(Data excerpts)
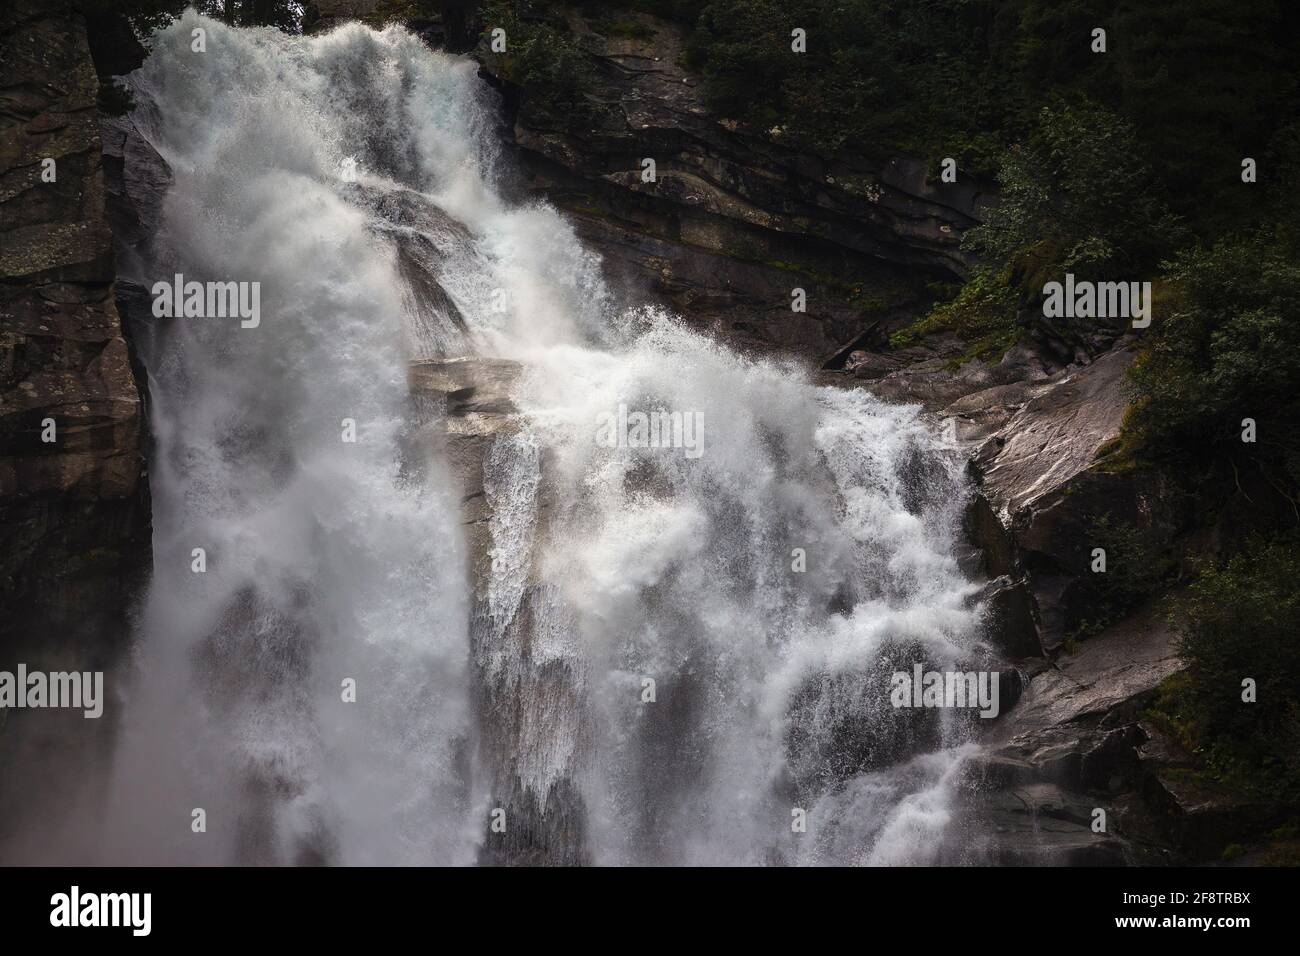 The Krimml Waterfalls (Krimmler Wasserfälle). Austrian Alps. Europe. Stock Photo
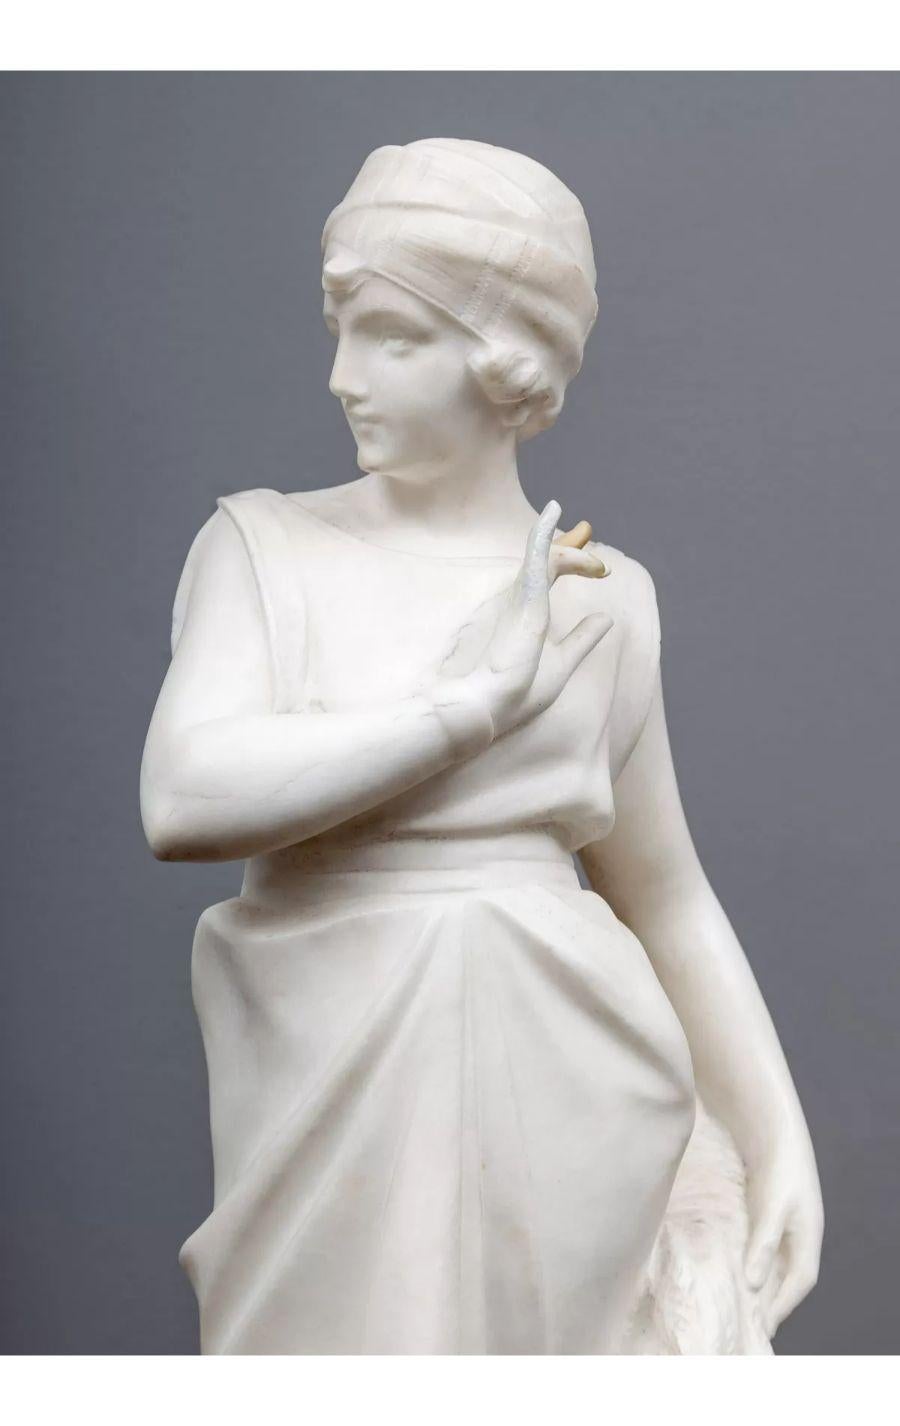 Eine französische Art Deco Figur aus weißem Marmor, die ein Flapper Girl darstellt.

Wunderschön geschnitzte und sehr detaillierte Statue auf einem Sockel aus Panozza-Marmor.

Zusätzliche Informationen:
Abmessungen:
Breite: 7
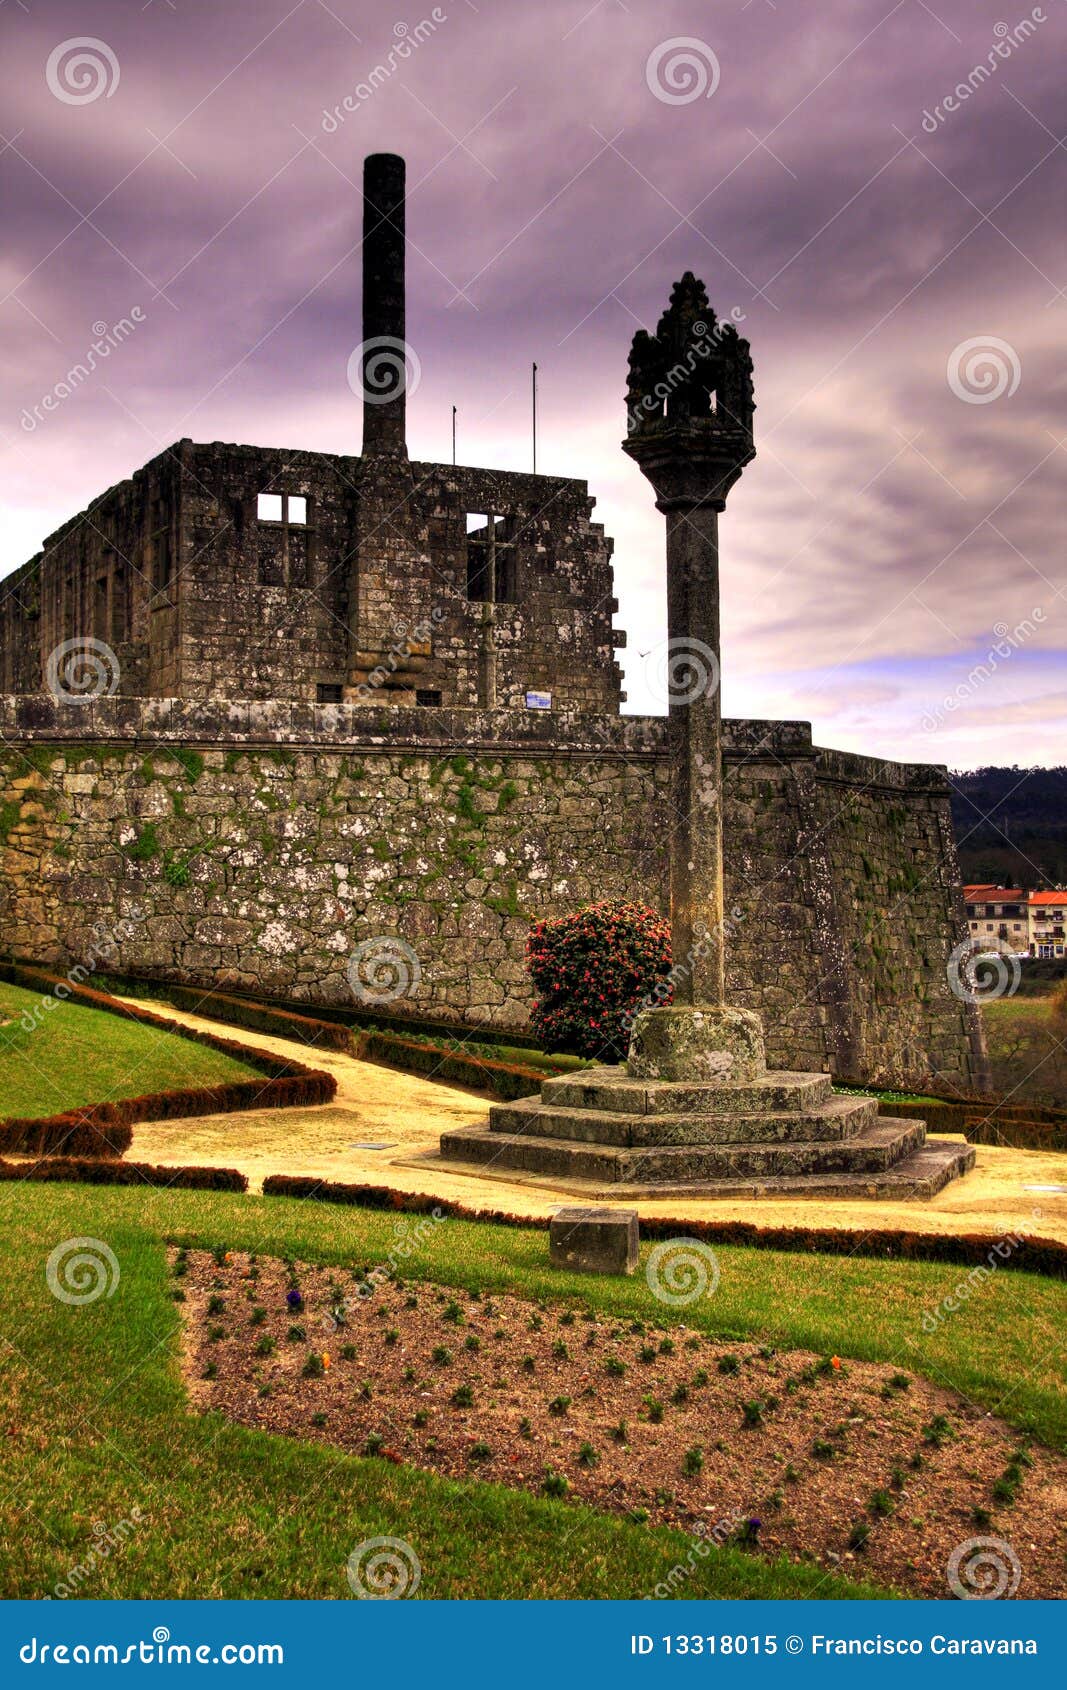 barcelos castle

▸ **Try it**: Output the entries above verbatim, leaving out images.

▸ **Exercise answer**:
 The Krimml Waterfalls (Krimmler Wasserfälle). Austrian Alps. Europe. Stock Photo
 Eine französische Art Deco Figur aus weißem Marmor, die ein Flapper Girl darstellt.

Wunderschön geschnitzte und sehr detaillierte Statue auf einem Sockel aus Panozza-Marmor.

Zusätzliche Informationen:
Abmessungen:
Breite: 7
 barcelos castle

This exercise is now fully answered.